What this task involves >>
Output the whole listing below exactly, omitting the images.

Exercise inputs >>
== Segment start ==

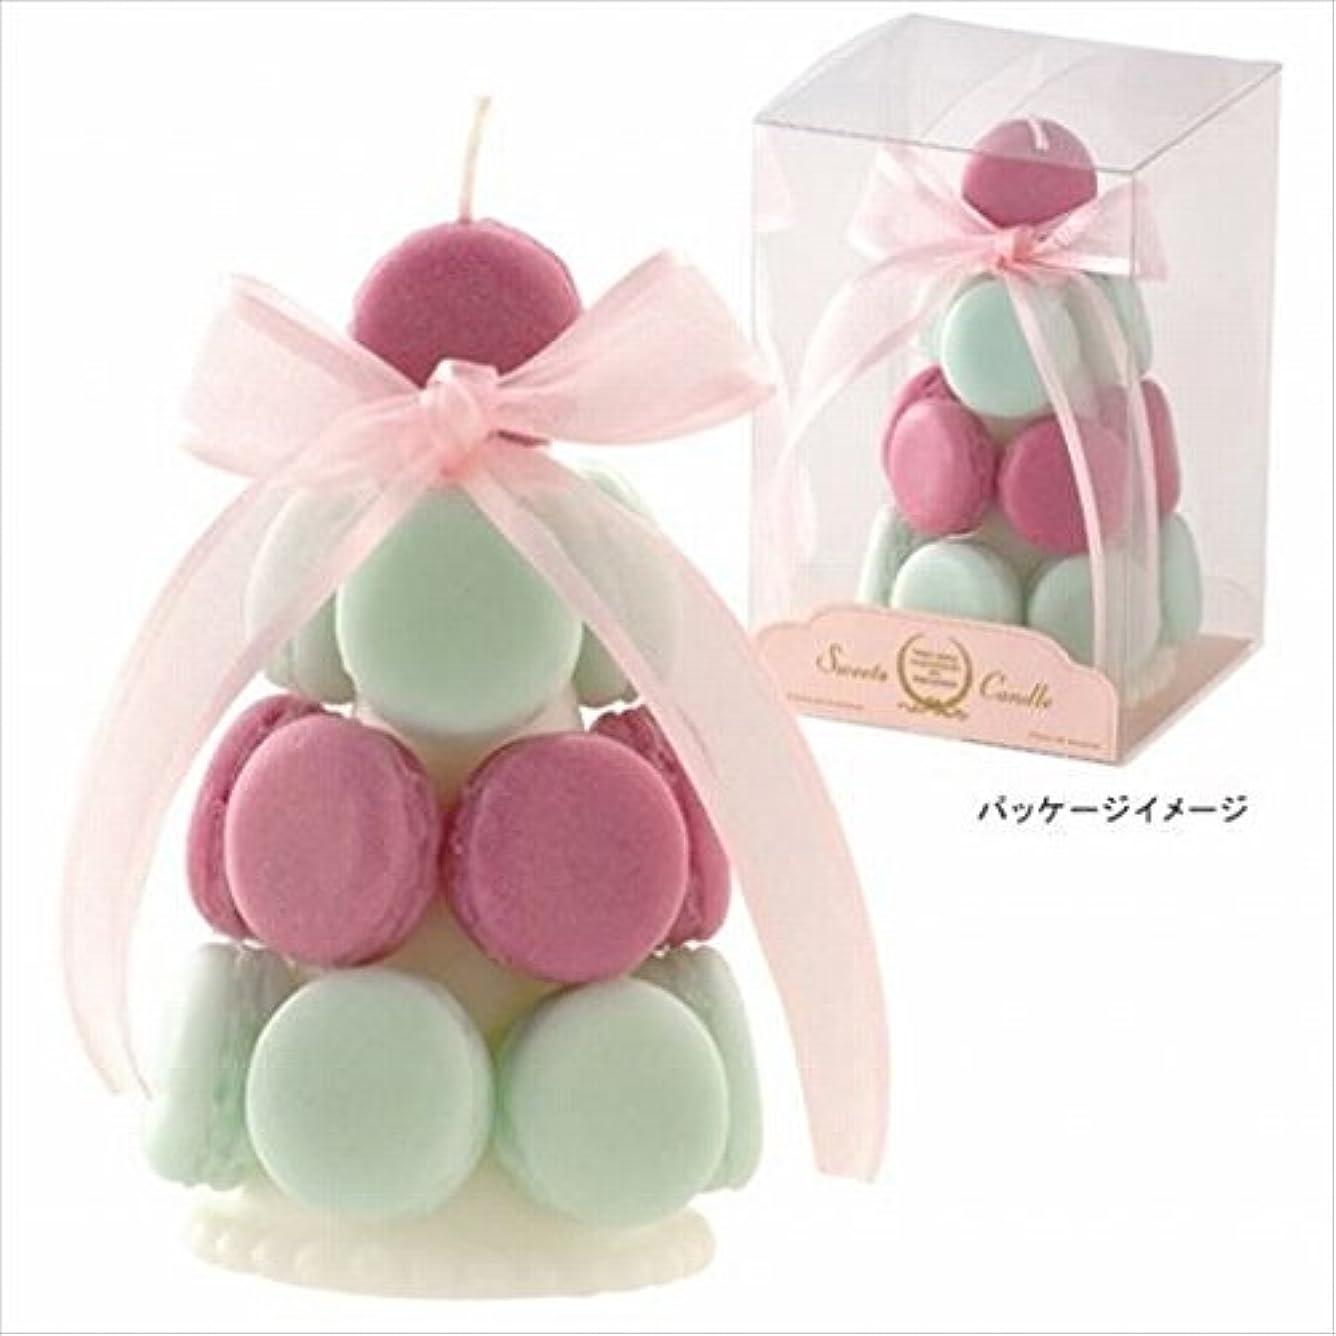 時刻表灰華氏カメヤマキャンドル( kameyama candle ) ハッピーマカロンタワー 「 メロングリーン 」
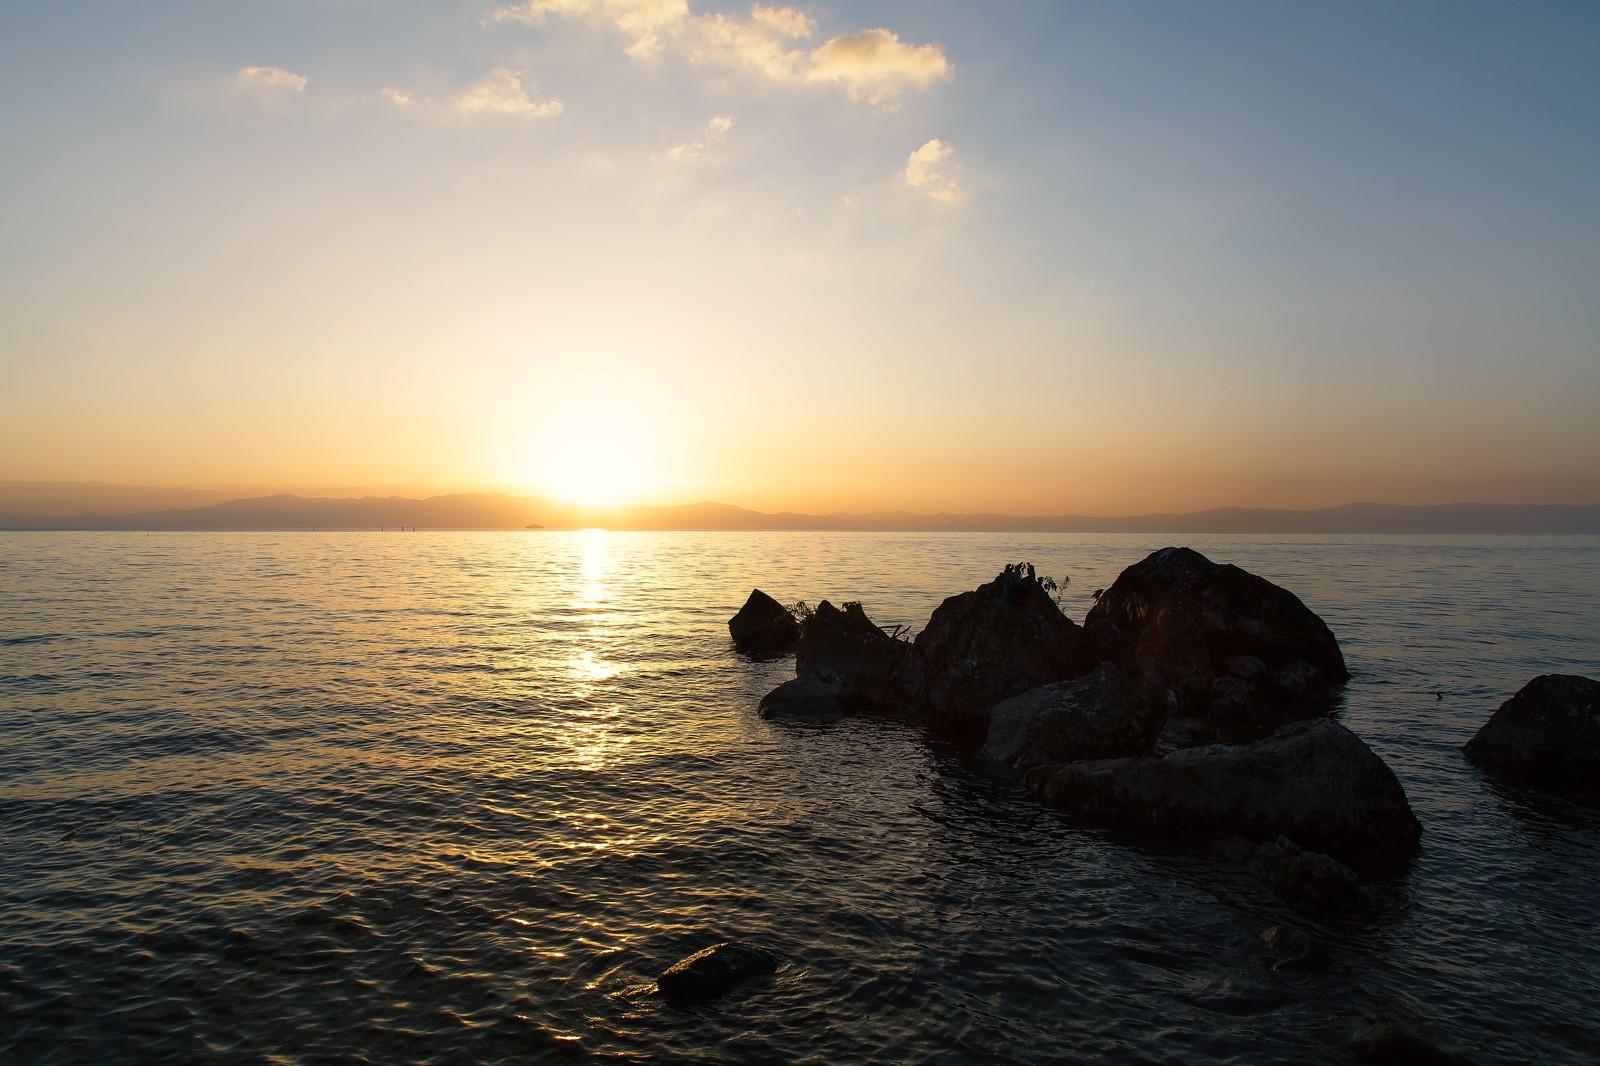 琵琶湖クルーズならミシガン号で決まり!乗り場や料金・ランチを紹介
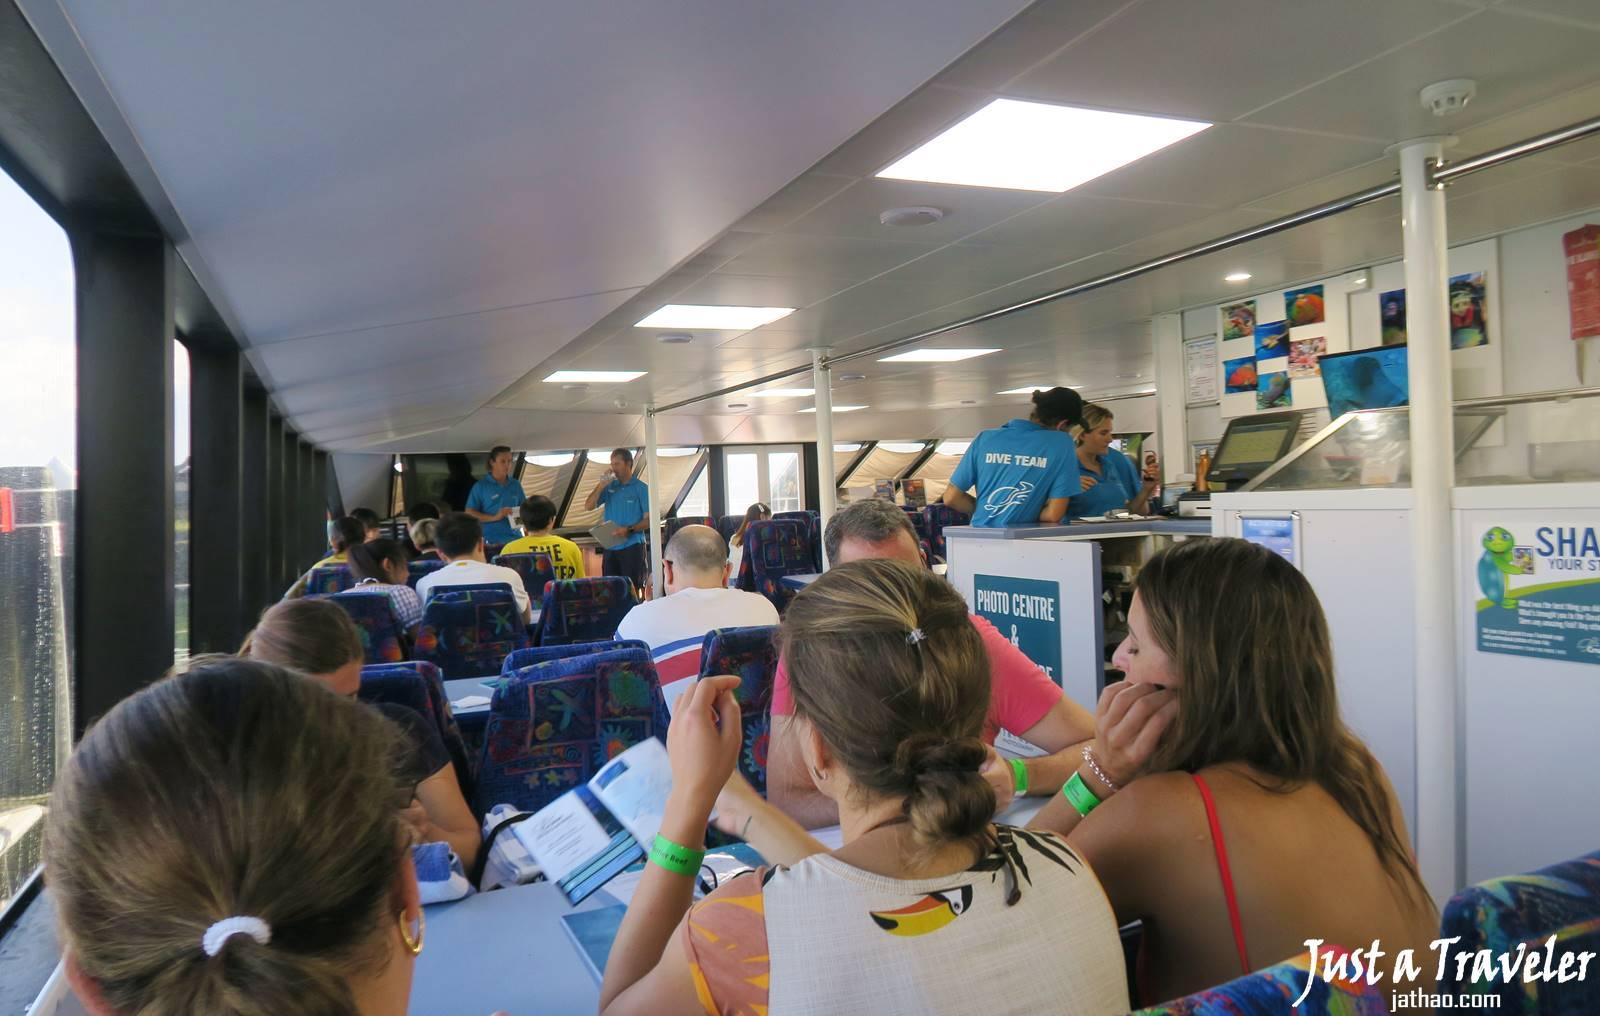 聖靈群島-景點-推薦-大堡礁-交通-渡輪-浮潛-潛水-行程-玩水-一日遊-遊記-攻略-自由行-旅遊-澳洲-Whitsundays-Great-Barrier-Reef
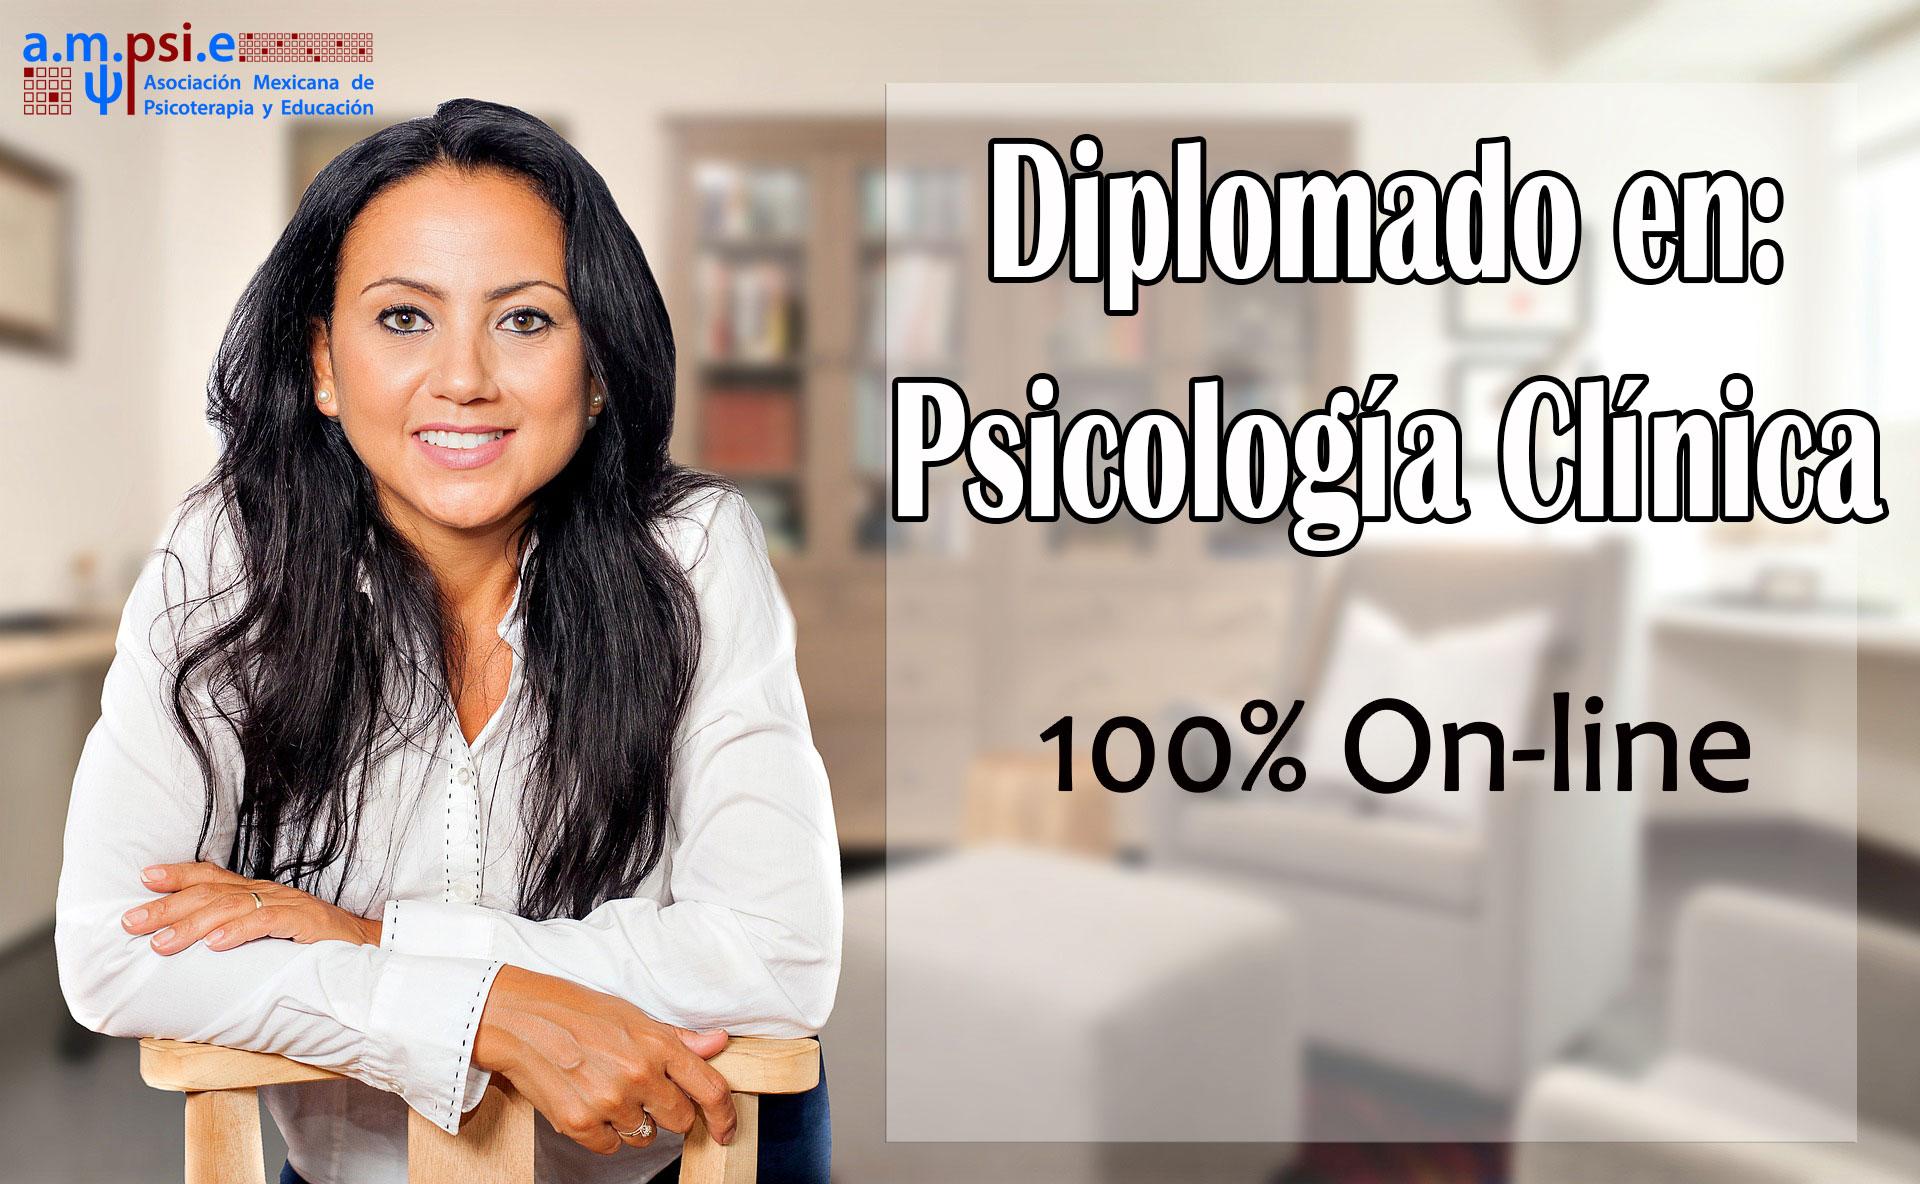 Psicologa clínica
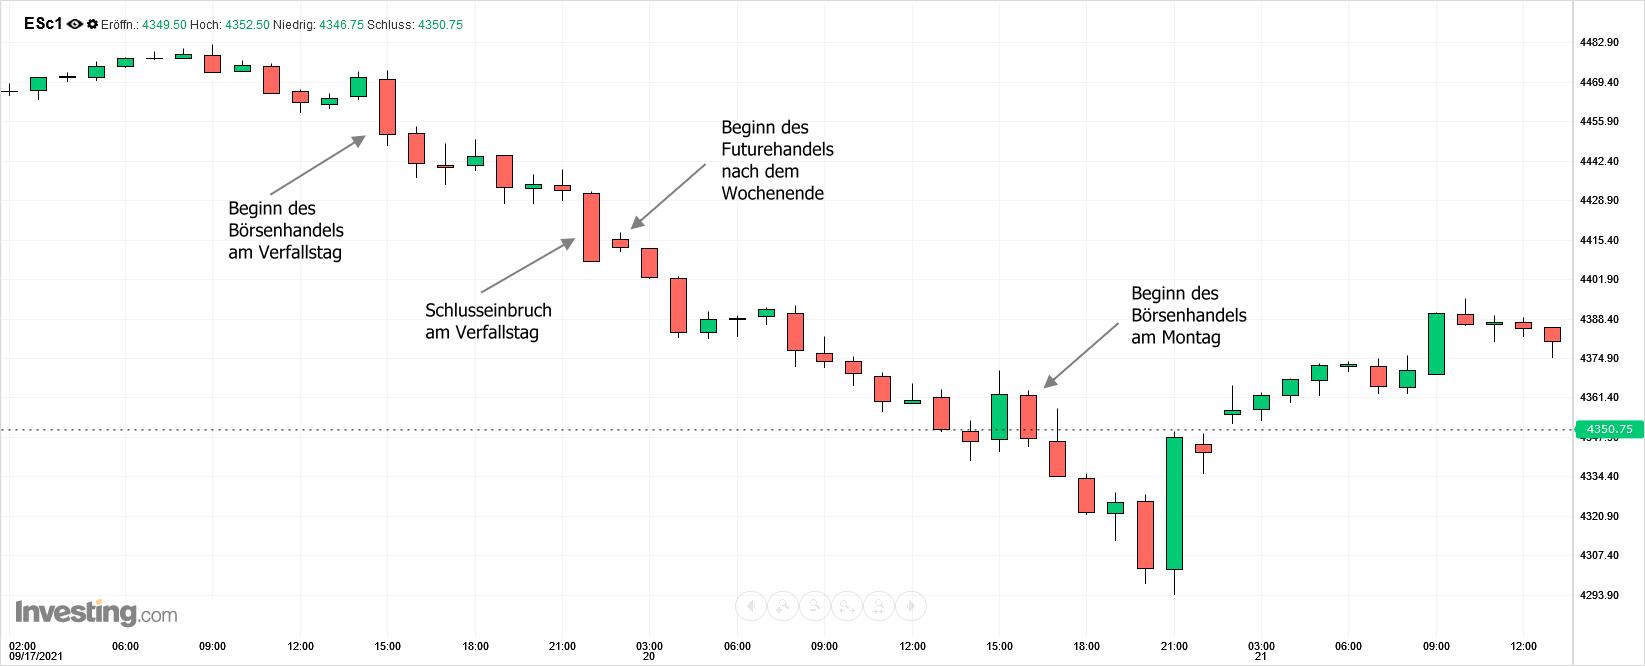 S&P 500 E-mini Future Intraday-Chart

== Segment end ==

Solution for this task >>
 時刻表灰華氏カメヤマキャンドル( kameyama candle ) ハッピーマカロンタワー 「 メロングリーン 」
 琵琶湖クルーズならミシガン号で決まり!乗り場や料金・ランチを紹介
 聖靈群島-景點-推薦-大堡礁-交通-渡輪-浮潛-潛水-行程-玩水-一日遊-遊記-攻略-自由行-旅遊-澳洲-Whitsundays-Great-Barrier-Reef
 Psicologa clínica
 S&P 500 E-mini Future Intraday-Chart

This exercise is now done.